String

Strings are unicode encode text. Specifically, string are immutable UTF-8 encoded sequences of Unicode code points.

Dark v1 problems

Concatenation

Problem: Users currently have to do concatenation like so:

"I am " |> ++ user.name |> ++ " and I am " |> ++ (toString user.age) |> ++ " years old"

Solution: Instead, we'd like to support string interpolation

"I am ${user.name} and I am ${user.age} years old"

Status: language definition spec'ed. Interaction model not spec'ed

Special characters

Problem: To enter a newline, carriage return, tab, or other special character, you have to paste them directly. You can't type any of them. Related to this, the display of these tokens in the editor is broken.

Solution: support using escape characters (\) to support them (\n, \r, \t, \\, \", etc). Describe the complex UX for adding them, deleting, displaying, and editing them, in the spec below.

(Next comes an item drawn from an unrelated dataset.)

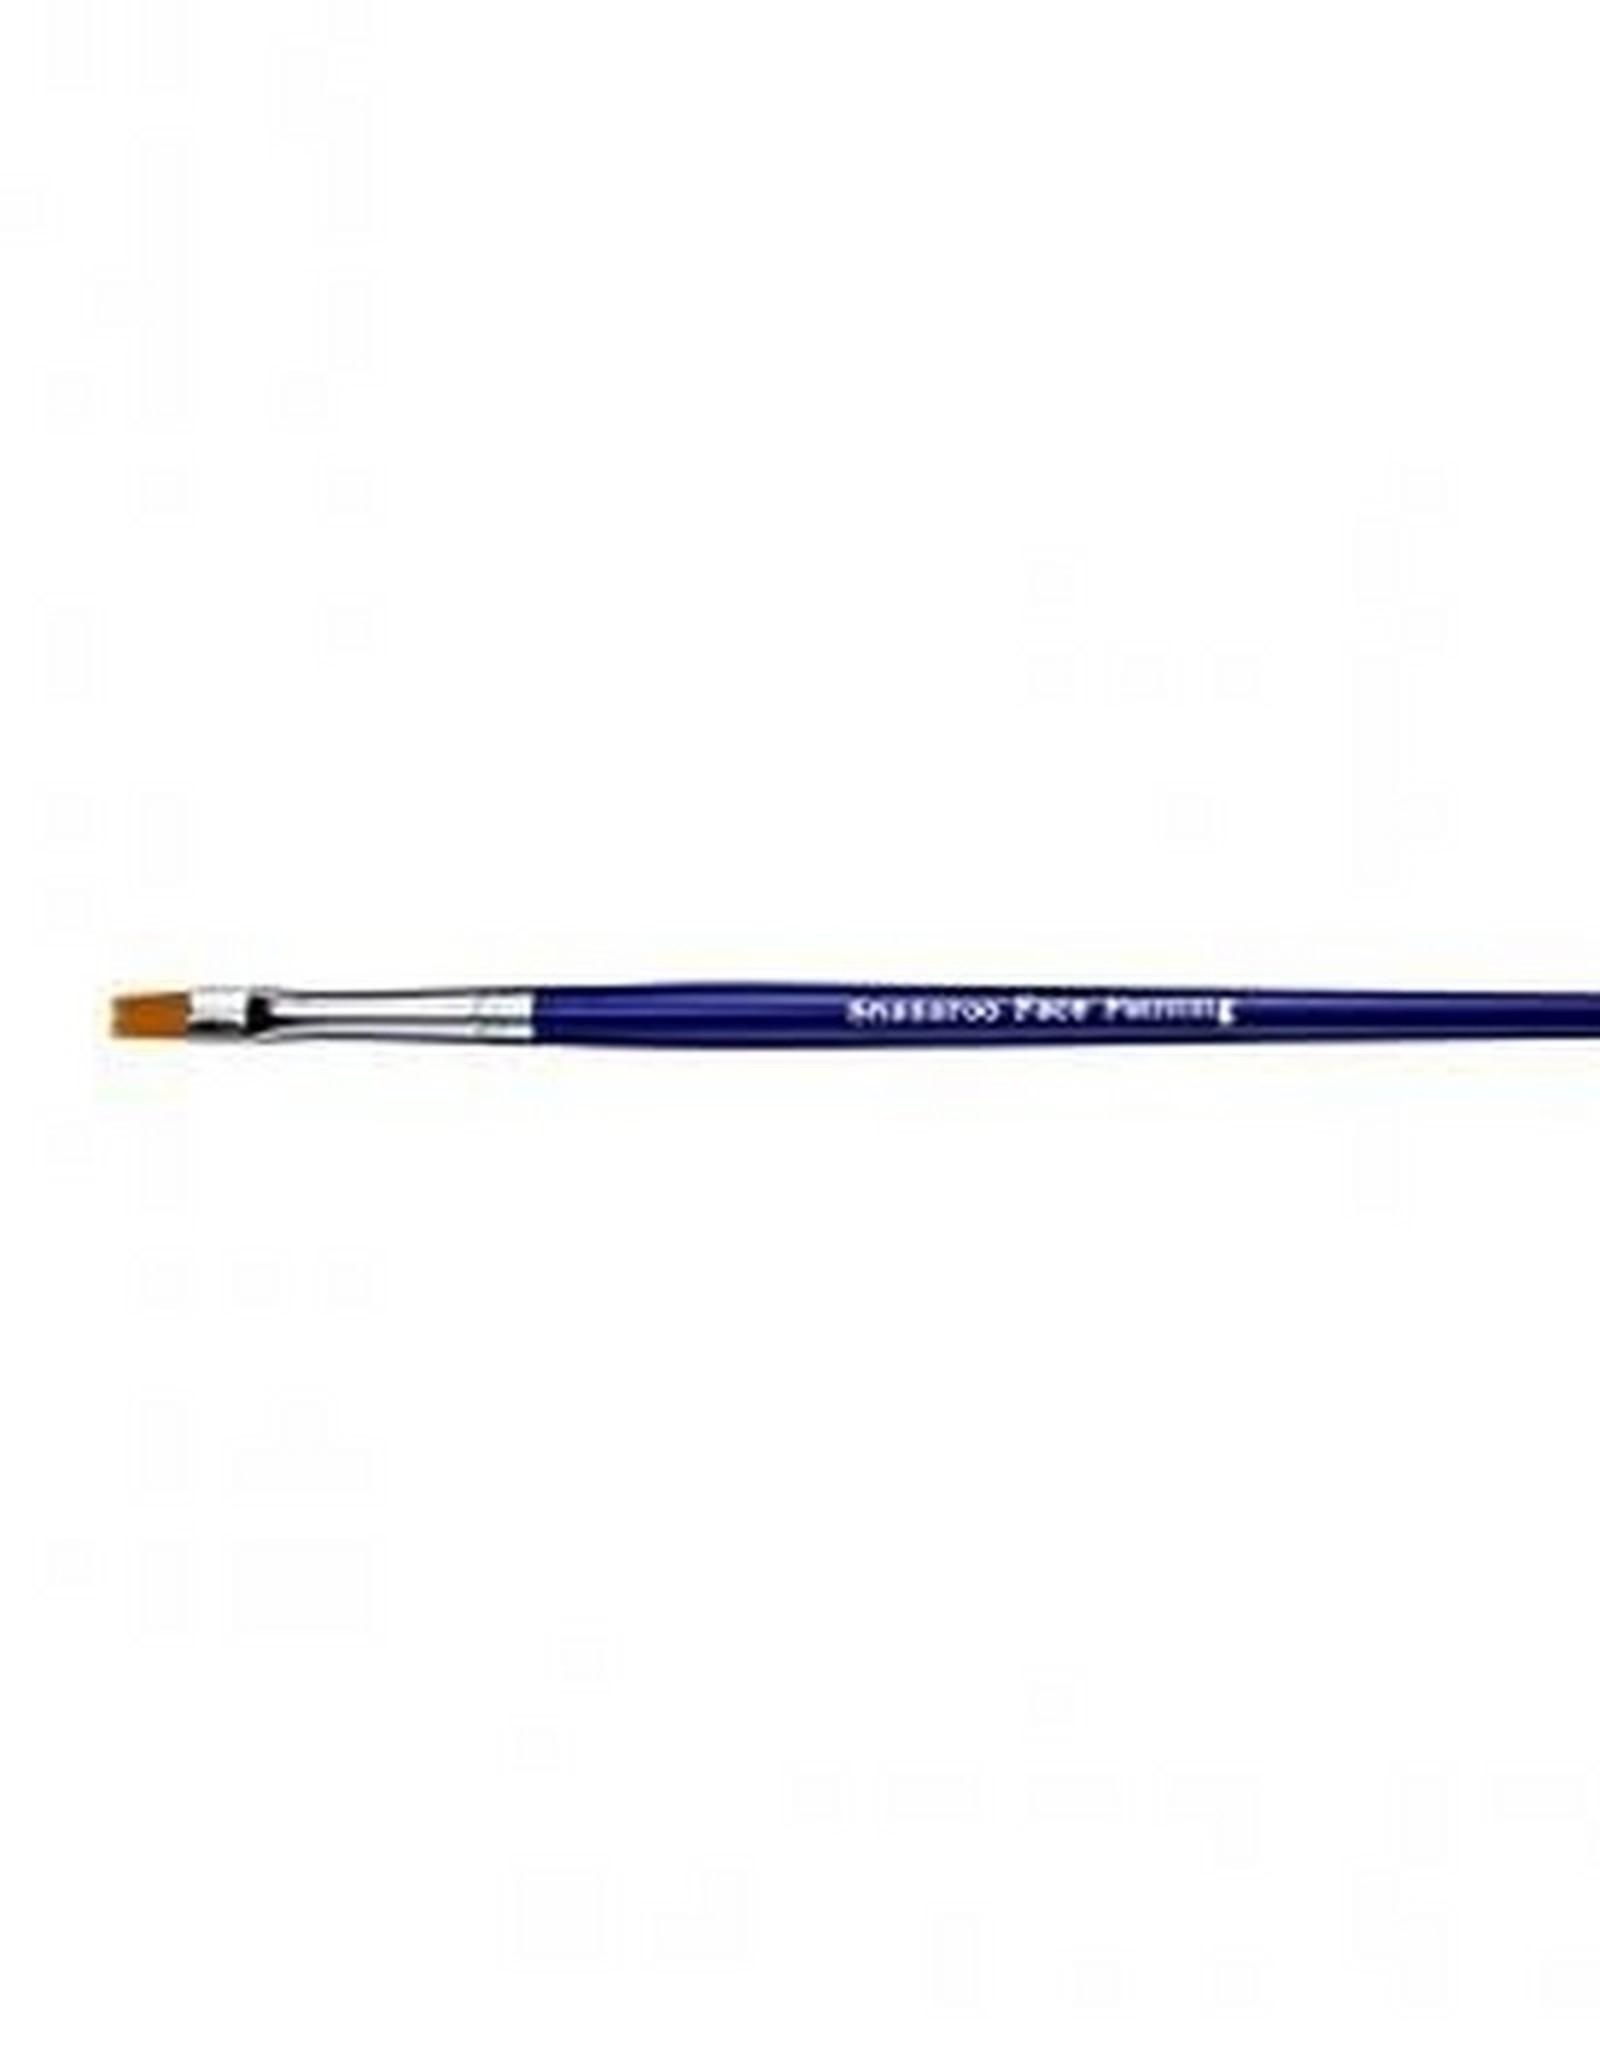 Snazaroo penseel blauw fijn plat rechthoekig
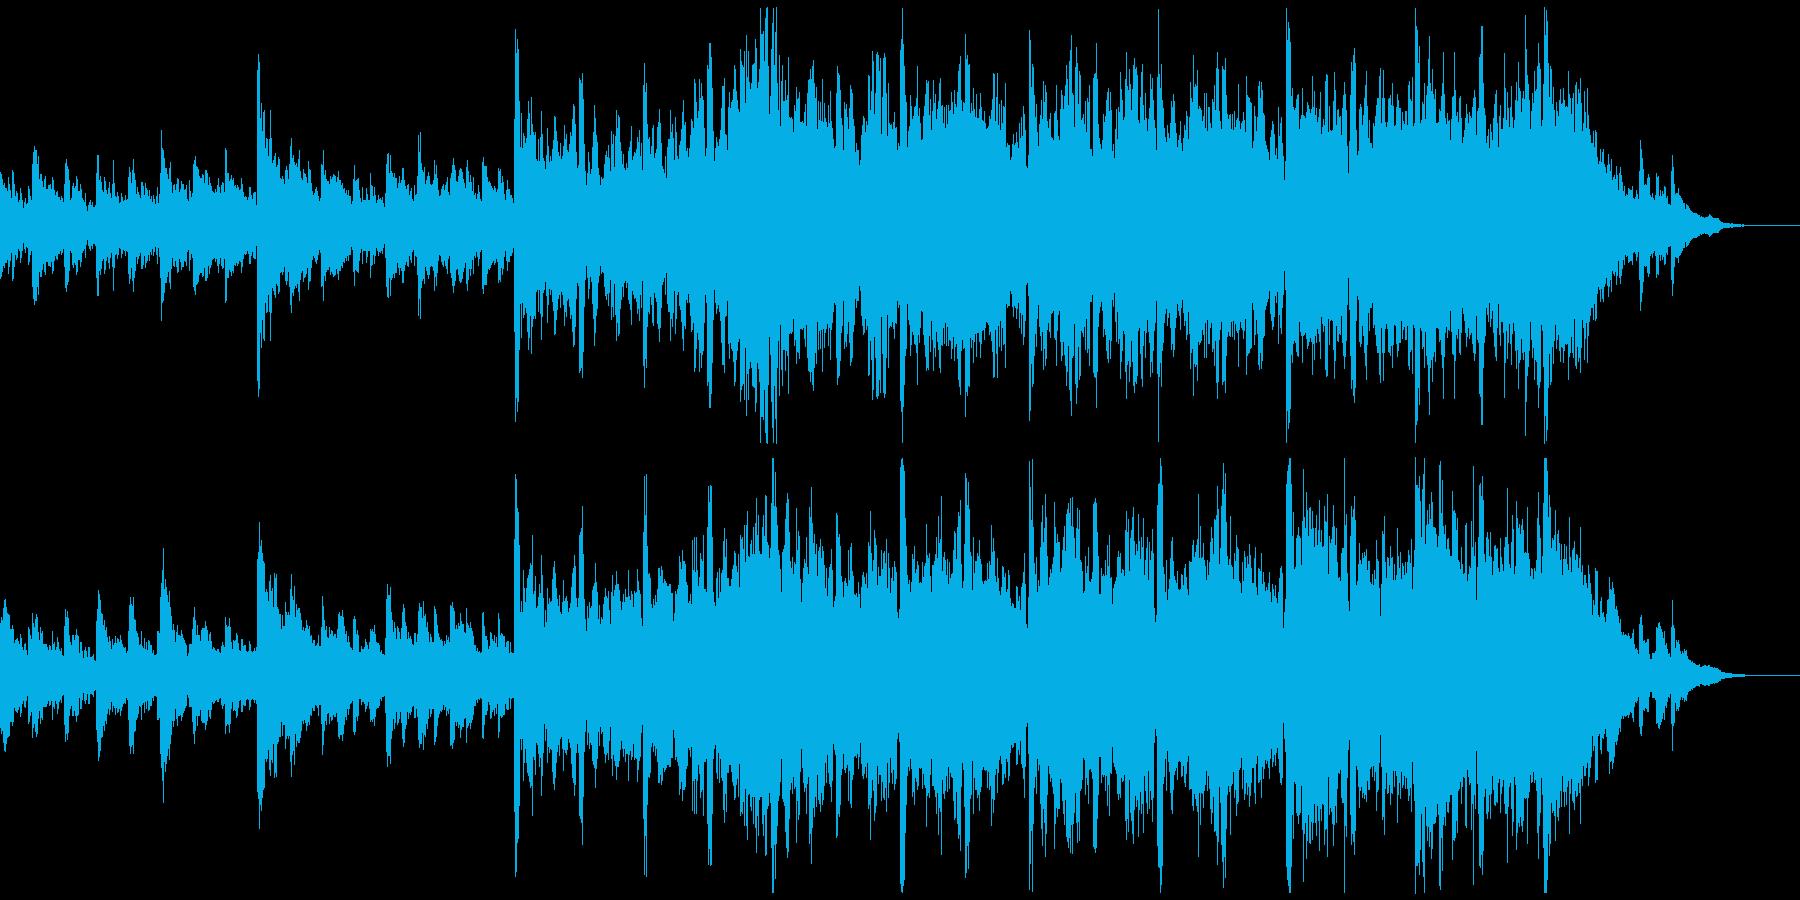 壮大でファンタジックなオーケストラ曲の再生済みの波形

Status: language definition spec'ed, interaction model not spec'ed

Emoji

Problem: I think the editor does not support proper unicode - I'm not sure.

Solution: the editor should support entering all LTR Unicode text (RTL can wait until Dark v3) - if you can type it into the browser, we should support it in the editor.

Status: problem not understood, not spec'ed

String length

Problem: String length is determined in O(n) time.

Solution: String length should be cached as part of the string. Using a better string implementation would help solve this.

Status: spec'ed

Shortened display

Problem: We wrap strings at 40 characters to make lines not run on forever. This has a number of annoying problems:

  • sometimes the string is only 41 character and it looks bad
  • sometimes the line has more room than 40 characters and it looks dumb
  • sometimes the line has builtin line breaks, but it breaks off length instead
  • We should do a better job of wrapping that takes into account the entire length of the line, and make 40 configurable.

Solution: TODO

Status: not spec'ed

Cursor affinity

Problem: the cursor can be in two different places which logically mean the same thing (the end of a line, and the start of the subsequent line). This leads to "cursor affinity" problems.

Solution: TODO: this was written down somewhere.

Status: Not spec'ed

v2 spec

Strings are unicode, and character are unicode “characters” (if it appears as one character on the screen, that’s a “character” in Dark).

Specifically, string are immutable UTF-8 encoded sequences of Unicode code points. Chars are “Extended Grapheme Clusters”. (A codepoint is some bytes that implement unicode characters, a grapheme is some codepoints forming a unicode entity, such as an emoji; an EGC is some graphemes, used to handle things like emojis which combine to form a single emoji).

v2 Language definition

type string = # unicode supporting type, should include length type stringSegment = | Text of string | InterpolatedExpr of expr type Expr = | EString of stringSegment list | ... type Pattern = | PString of string list | ... type Dval = | DString of string | ... type DType = | TString | ...

Escaped characters can be stored as their actual values in the string, and displayed/entered differently in the editor.

v2 Standard library

type StringError = | FloatConversionError | IntegerConversionError // same as v1 String::append_v1(String: s1, String: s2) -> String String::base64Decode(String: s) -> String String::base64Encode(String: s) -> String String::contains(String: lookingIn, String: searchingFor) -> Bool String::digest(String: s) -> String String::dropFirst(String: string, Int: characterCount) -> String String::dropLast(String: string, Int: characterCount) -> String String::endsWith(String: subject, String: suffix) -> Bool String::first(String: string, Int: characterCount) -> String String::fromChar_v1(Character: c) -> String String::isEmpty(String: s) -> Bool String::join(List l, String separator) -> String String::last(String: string, Int: characterCount) -> String String::length_v1(String: s) -> Int String::padEnd(String: string, String: padWith, Int: goalLength) -> String String::padStart(String: string, String: padWith, Int: goalLength) -> String String::prepend(String: s1, String: s2) -> String String::replaceAll(String: s, String: searchFor, String: replaceWith) -> String String::reverse(String: string) -> String String::slice(String: string, Int: from, Int: to) -> String String::slugify_v2(String string) -> String String::split(String s, String separator) -> List String::startsWith(String: subject, String: prefix) -> Bool String::toBytes(String: str) -> Bytes String::toFloat_v1(String: s) -> Result (Float, StringError) String::toInt_v1(String: s) -> Result (Float, StringError) String::toList_v1(String: s) -> List Character String::toLowercase_v1(String: s) -> String String::toUppercase_v1(String: s) -> String String::trim(String: str) -> String String::trimEnd(String: str) -> String String::trimStart(String: str) -> String // Maybe could be better String::htmlEscape(String html) -> String String::newline() -> String // Move to UUID module String::toUUID_v1(String: uuid) -> Result (UUID, StringError) // Different in v2 String::foreach_v1(String: s, Block f) -> String String::fromList_v1(List l) -> String String::random_v2(Int: length) -> String // length < 0 means empty string

v2 Interaction model

String escaping

TODO

Interpolation

TODO